Abstract

Objective. Noninvasive investigation of liver fibrosis with ultrasound-based elastography and laboratory-based fibrosis indices have been established in various chronic liver diseases within the last years. We aimed to evaluate feasibility and diagnostic value of transient elastography (TE), acoustic radiation force impulse imaging (ARFI), and different serologic fibrosis indices in Wilson's disease (WD). Materials and methods. TE and ARFI were performed in 50 Wilson patients. In addition, AST/Platelet Ratio Index (APRI), FIB-4, and Forns score were calculated.
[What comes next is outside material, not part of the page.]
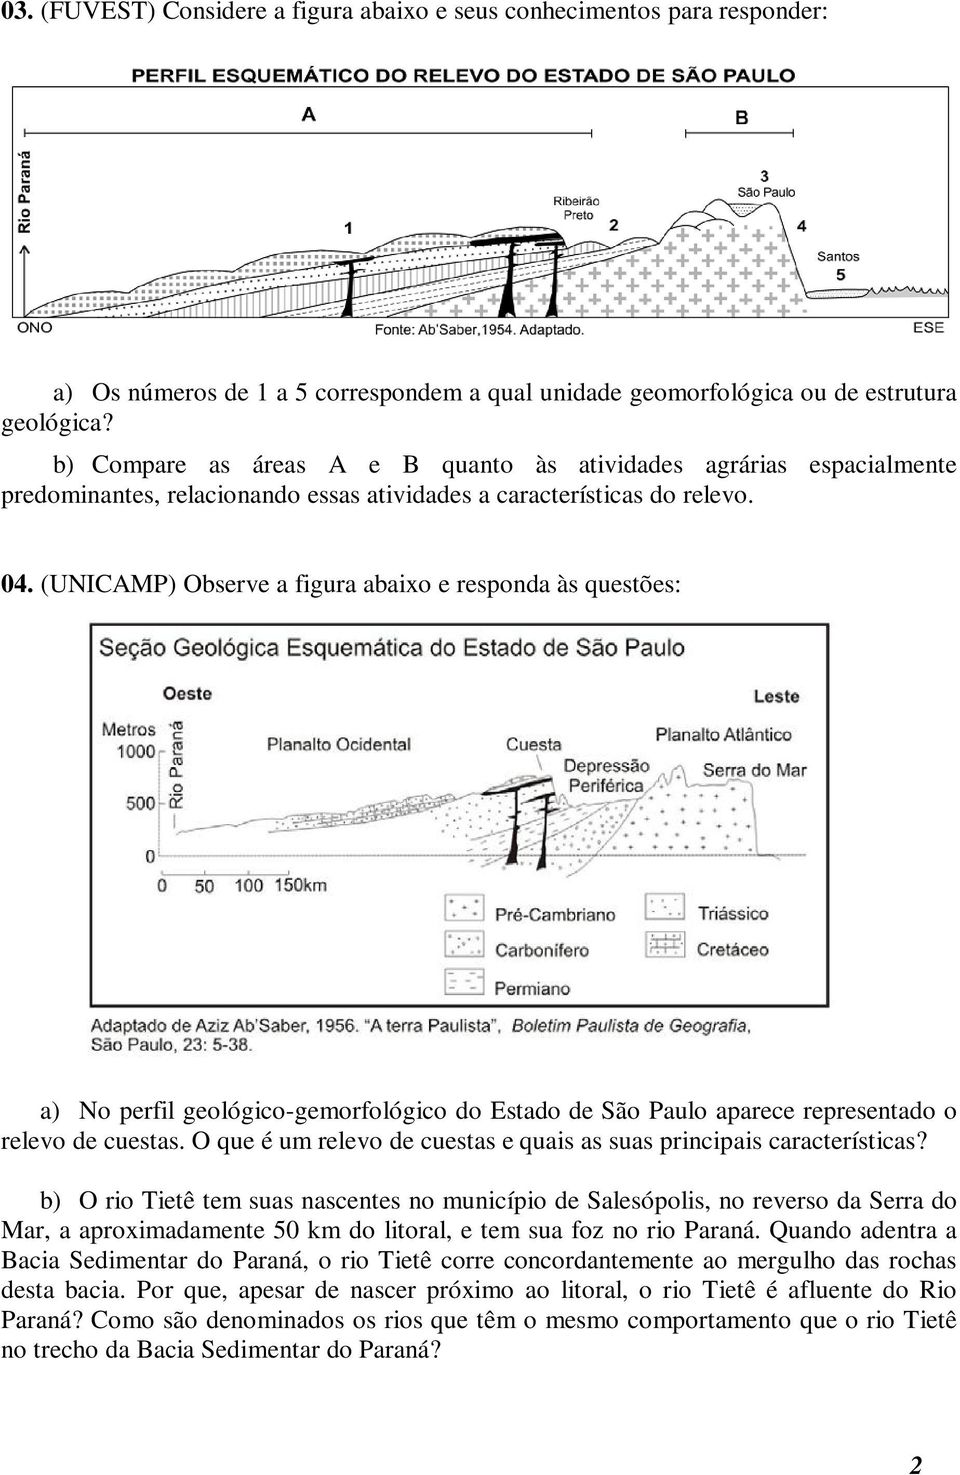 (UNICAMP) Observe a figura abaixo e responda às questões: a) No perfil geológico-gemorfológico do Estado de São Paulo aparece representado o relevo de cuestas.

Hepatic fibrosis was classified by a clinical score. Results. Of the 50 Wilson patients 41 had hepatic manifestation of WD. TE results were significantly increased in advanced hepatic fibrosis (7.0 ± 2.2 kPa; p < 0.05) and cirrhosis (10.1 ± 6.73 kPa; p < 0.05) compared to individuals without hepatic manifestation (5.0 ± 1.4 kPa). Right liver lobe ARFI (R-ARFI) values were only increased in cirrhotic patients (1.43 ± 0.28 vs. 1.19 ± 0.14 m/s; p < 0.05). The cutoff values to best discriminate cirrhosis were 6.1 kPa for TE and 1.29 m/s for R-ARFI. Left lobe ARFI failed to provide additional diagnostic benefit. Elastography methods displayed a significant correlation with APRI, FIB-4, and Forns indices (Pearson's rho > 0.33; p < 0.03). Conclusions. TE displayed a gradual increase between different stages of hepatic manifestation in WD and could significantly discriminate cirrhosis. The TE cutoff for cirrhosis may be clinically more relevant than the R-ARFI value.